Los Cinco eran casi todos familia, estaban Julián, Dick y Ana, que eran hermanos, y después su prima Jorge que tenía un perro llamado Tim. Uno, dos, tres cuatro y cinco. Había varios libros con sus aventuras. Lo sabía porque al final del mío había una hoja donde figuraban los títulos, y yo a veces jugaba a imaginar cómo serían aquellas historias, qué otras aventuras pasarían aquellos cinco amigos (porque más que familia, eran amigos): Los Cinco se escapan, Los Cinco tras el pasadizo secreto, Los Cinco han de resolver un enigma...

Me gustaba en especial Jorge. Jorge tenía un padre científico y, además, era casi tan valiente y decidida como su primo, Julián, que era el más grande de todos, y el más fuerte y el líder del grupo. Pero en realidad yo era como Ana, la más pequeña, miedosa y tímida, y eso me daba un poco de vergüenza y rabia.

Mi hermano me dijo una vez que las niñas y los niños han de ser lo que son, y no crecer antes de tiempo.

"Pero tú también eres un niño..."

"No, yo ya no lo soy", me respondió. "Yo ahora cuido de ti."

No me lo dijo como un reproche. Sabía que él no estaba enfadado conmigo por tener que cuidarme. Porque todos necesitamos una familia a la que amar, y, como entendí más tarde, si no la tenemos, la buscamos; en forma de pareja, de amigos, de hijos, de cualquiera que nos permita darles lo mejor de nosotros, hacerles ese regalo.

Releí algunos fragmentos de mi libro. Jorge y su perro Tim habían desaparecido, y tenían la suerte que sus amigos lucharían para encontrarlos. Me gustaba la parte en que navegaban con una barca hasta una cueva oculta en un acantilado, y después, cuando una amiga suya, una gitanilla llamada Jo, escalaba la torre donde tenían secuestrados a Jorge y a Tim.

Me gustaban aquellas aventuras porque pasaban cosas y conocían gente e iban de un lugar a otro y se cuidaban, como hacíamos mi hermano y yo. Pero en aquellas páginas, lo sabía, no había un peligro real, un peligro que te cortara la respiración y te hiciera gritar de rabia y angustia como nos pasaba a nosotros, porque en el libro todo acababa bien, y los amigos se abrazaban y los malos acababan presos. Y eso me gustaba, porque hacía posible nuevas y eternas aventuras, siempre con los mismos amigos yendo de la mano.
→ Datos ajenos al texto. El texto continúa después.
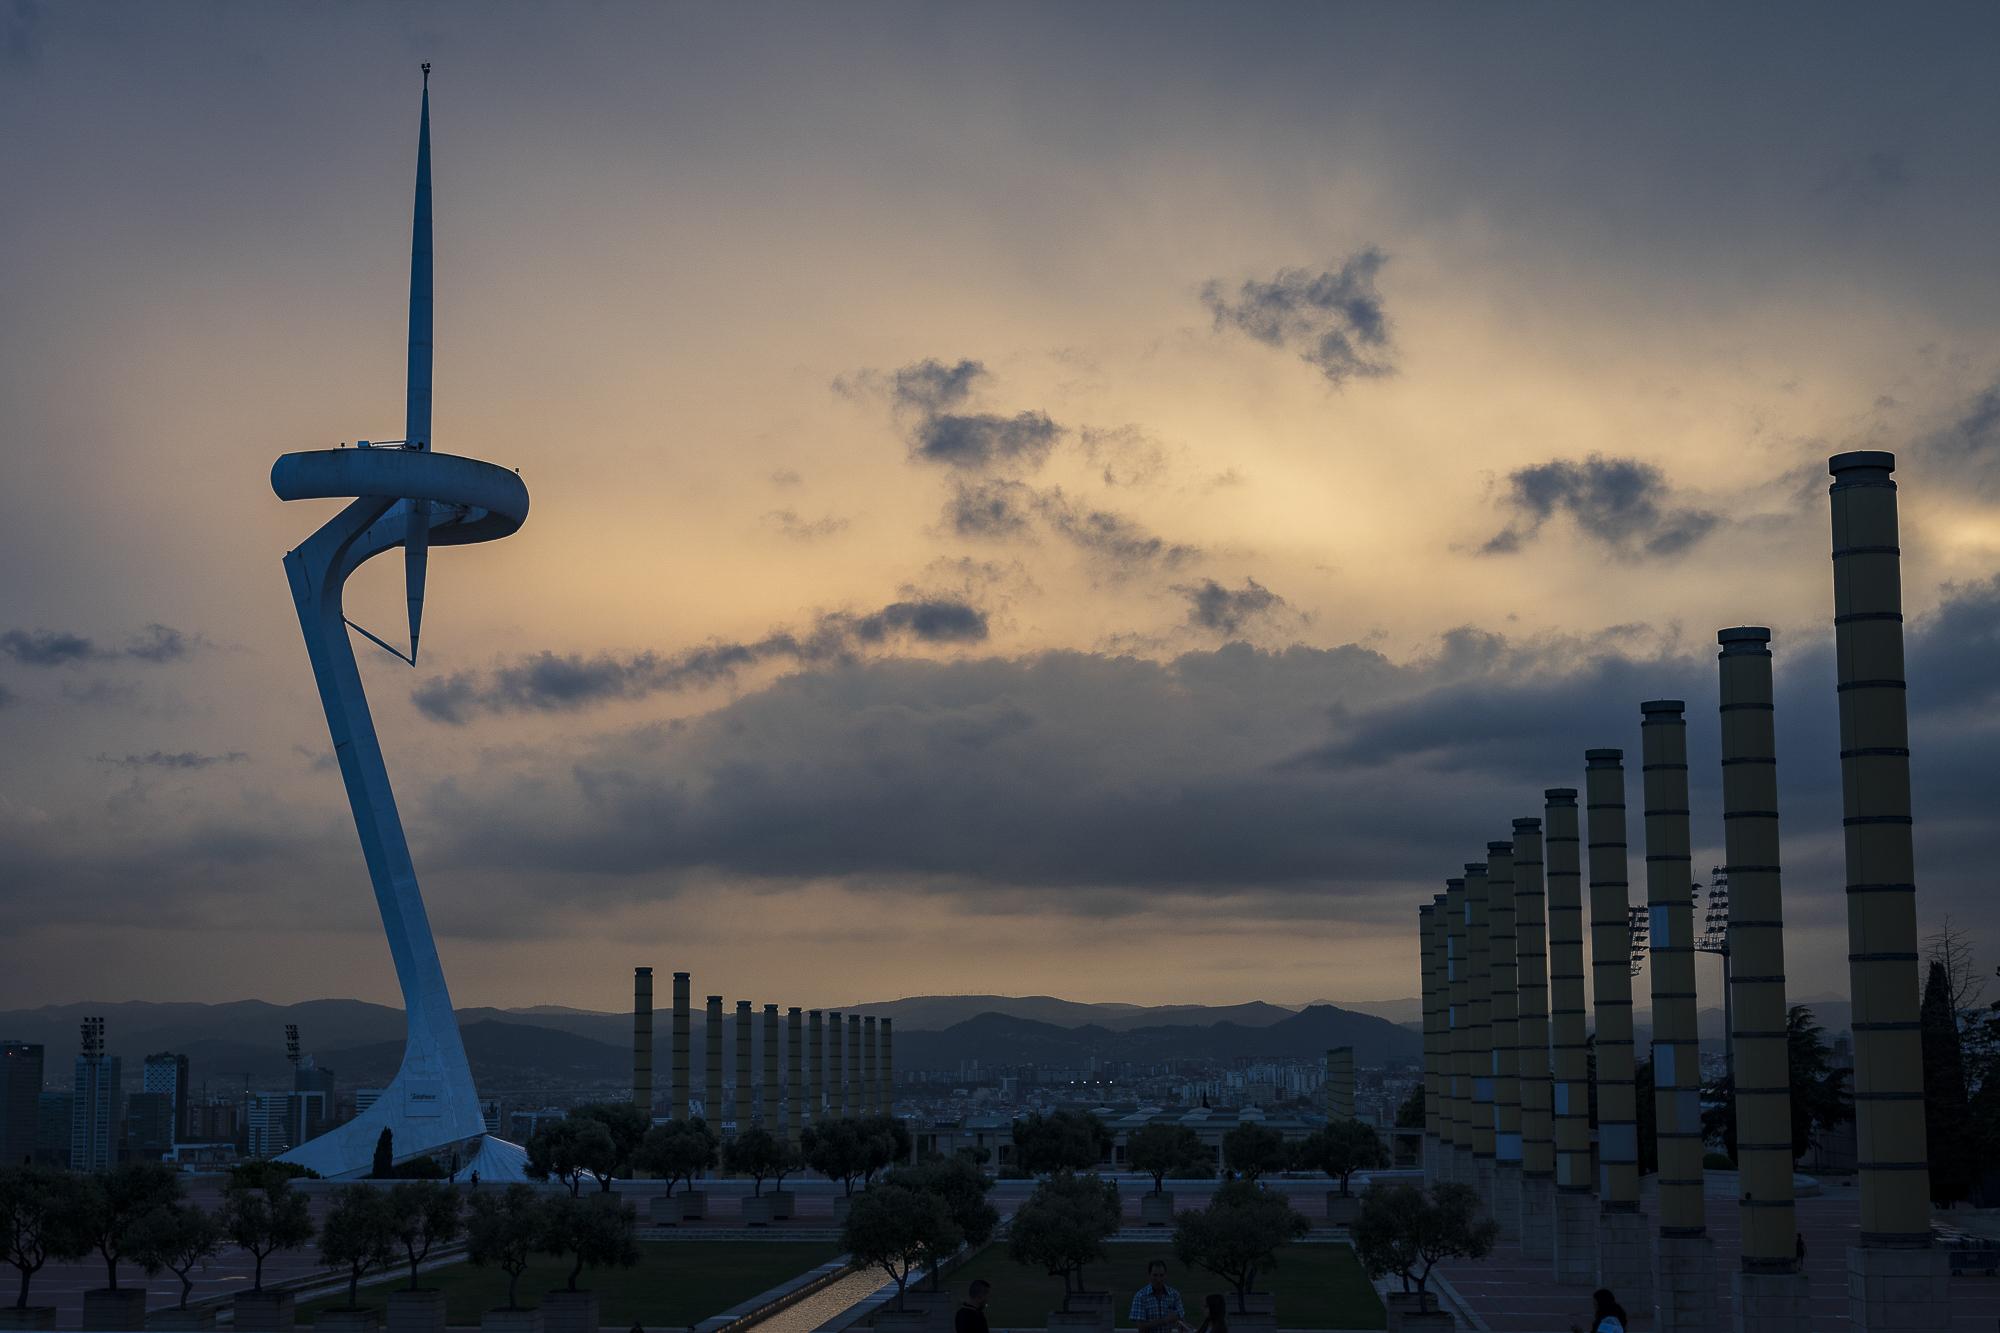 Barcelona- Alexander-005-aperture-tours.jpg

En un momento dado, me di cuenta de que mi hermano se había dormido. Alguna vez me había advertido que lo despertara si eso le pasaba, y alguna vez, consumida por el miedo lo había hecho. No en esta ocasión. Era probable que hubiera pasado buena parte de la noche en vela, vigilándome a mí primero, y vigilando la casa después. Pocas veces lo había visto yo durmiendo. Siempre estaba atento, a menudo con la navaja en la mano, pensando cómo pasar el día, cómo salir del problema. Siempre atento.

De lejos, el piar de los pájaros me pareció que ya no era el mismo, tal vez eran otros los que cantaban. Mi hermano se sabía todos los nombres y podía distinguirlos enseguida. Miré las ramas de los árboles y pensé en los libros que no había leído, y en los que podría escribir si me hiciera mayor. Tendrían un protagonista como mi hermano, valiente y protector. Pero no quisiera que junto a él tuviera una carga como yo, sino alguien que le ayudara, una amiga o compañera en quien poder confiar. Quizás porque entonces ya intuía que las cargas acaban por caer y siempre, siempre, dificultan avanzar.

Lo escribiría todo en mi libreta, o en otra aún por estrenar, como aquel principio de diario de la noche del encierro. Mi caligrafía como una foto: tú estuviste aquí. Y aquí continuaba.

Los pájaros callaron, las heridas me dejaron de hacer daño. Cogí en silencio la navaja de mi hermano y me encaminé hacia la casa.